Is is possible to have an array of specialization constants such that the glsl code looks similar to the following:
layout(constant_id = 0) const vec2 arr[2] = vec2[] (
vec2(2.0f, 2.0f),
vec2(4.0f, 4.0f)
);
or, alternatively:
layout(constant_id = 0) const float arr[4] = float[] (
2.0f, 2.0f,
4.0f, 4.0f
);
As far as I have read there is no limit to the number of specialization constants that can be used so it feels strange that it wouldn't be possible but when I attempt the above the SPIR-V compiler notifies me that 'constant_id' can only be applied to a scalar. Currently I am using a uniform buffer to provide the data but I would like to eliminate the backed buffer and the need to bind the buffer before drawing as well as allow the system to optimize the code during pipeline creation if its possible.
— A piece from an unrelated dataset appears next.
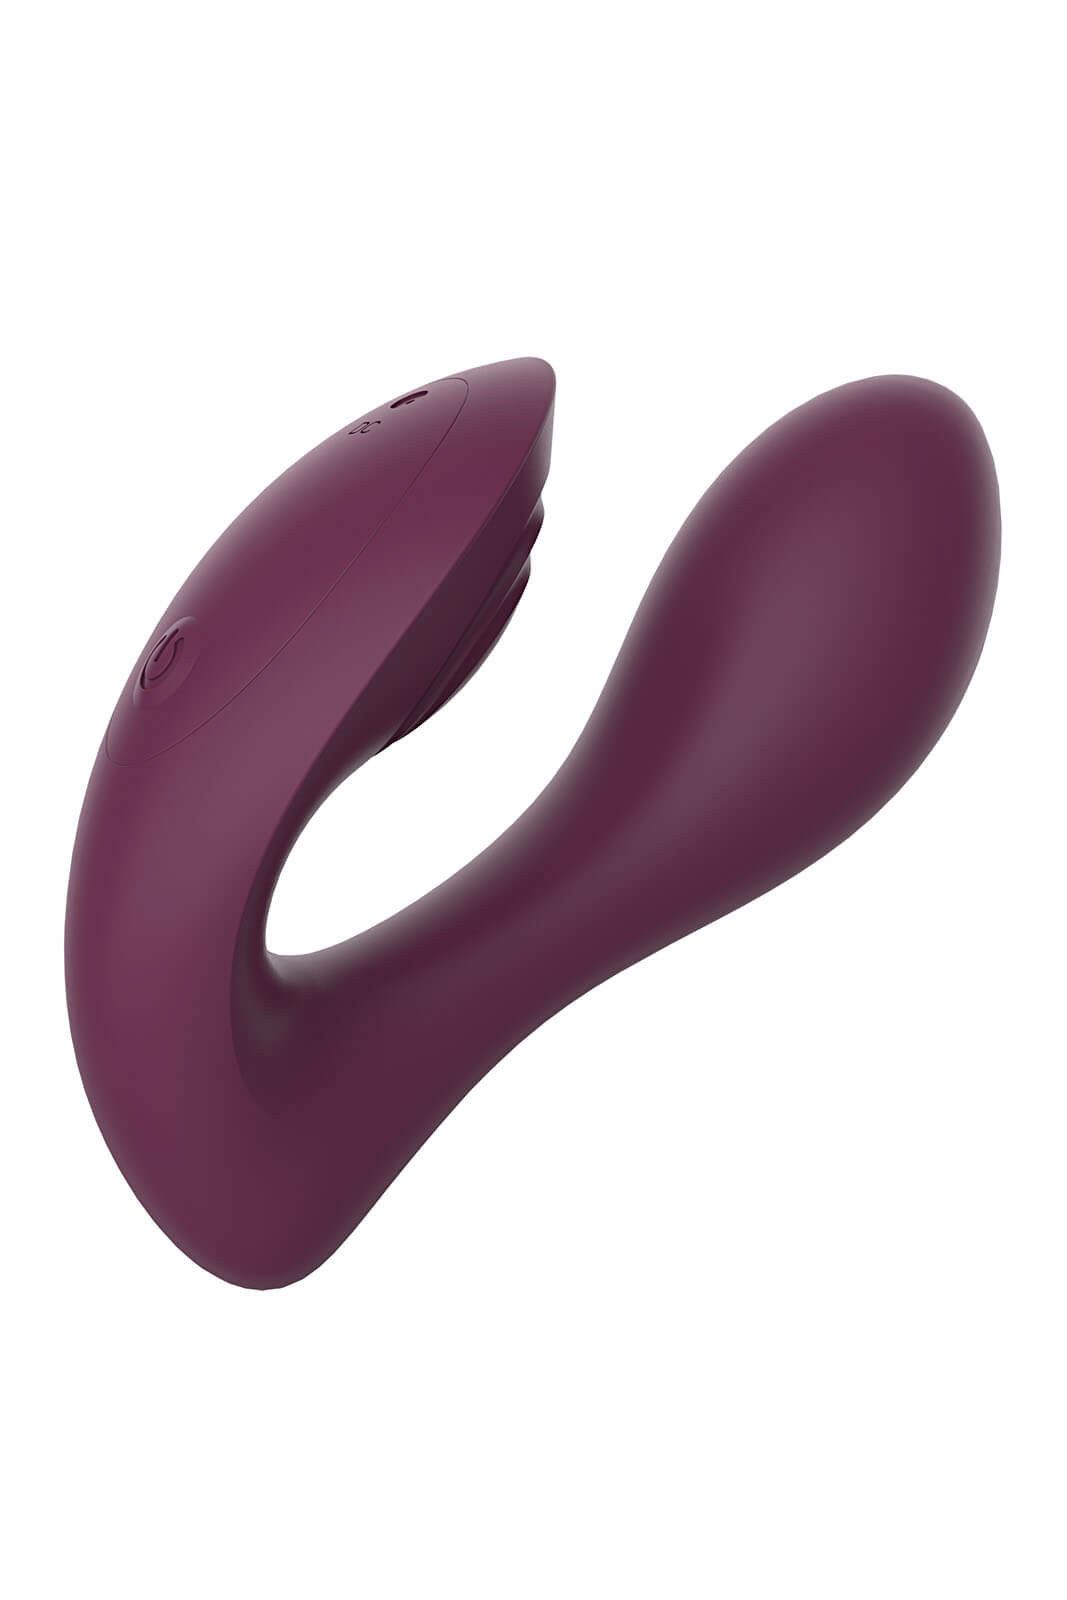 Dream Toys Essentials Ultra Dual Vibe (Purple), dvojitý vibrátor s ovladačem

The shading languages (both Vulkan-GLSL and SPIR-V) makes something of a distinction between the definition of a specialization constant within the shader and the interface for specializing those constants. But they go about this process in different ways.
In both languages, the external interface to a specialization constant only works on scalar values. That is, though you can set multiple constants to values, the constants you're setting are each a single scalar.
SPIR-V allows you to declare a specialization constant which is a composite (array/vector/matrix). However, the components of this composite must be either specialization constants or constant values. If those components are scalar specialization constants, you can OpDecorate
them with an ID, which the external code will access.
Vulkan (and OpenGL) GLSL go about this slightly differently from raw SPIR-V. In GLSL, a const
-qualified value with a constant_id
is a specialization constant. These must be scalars.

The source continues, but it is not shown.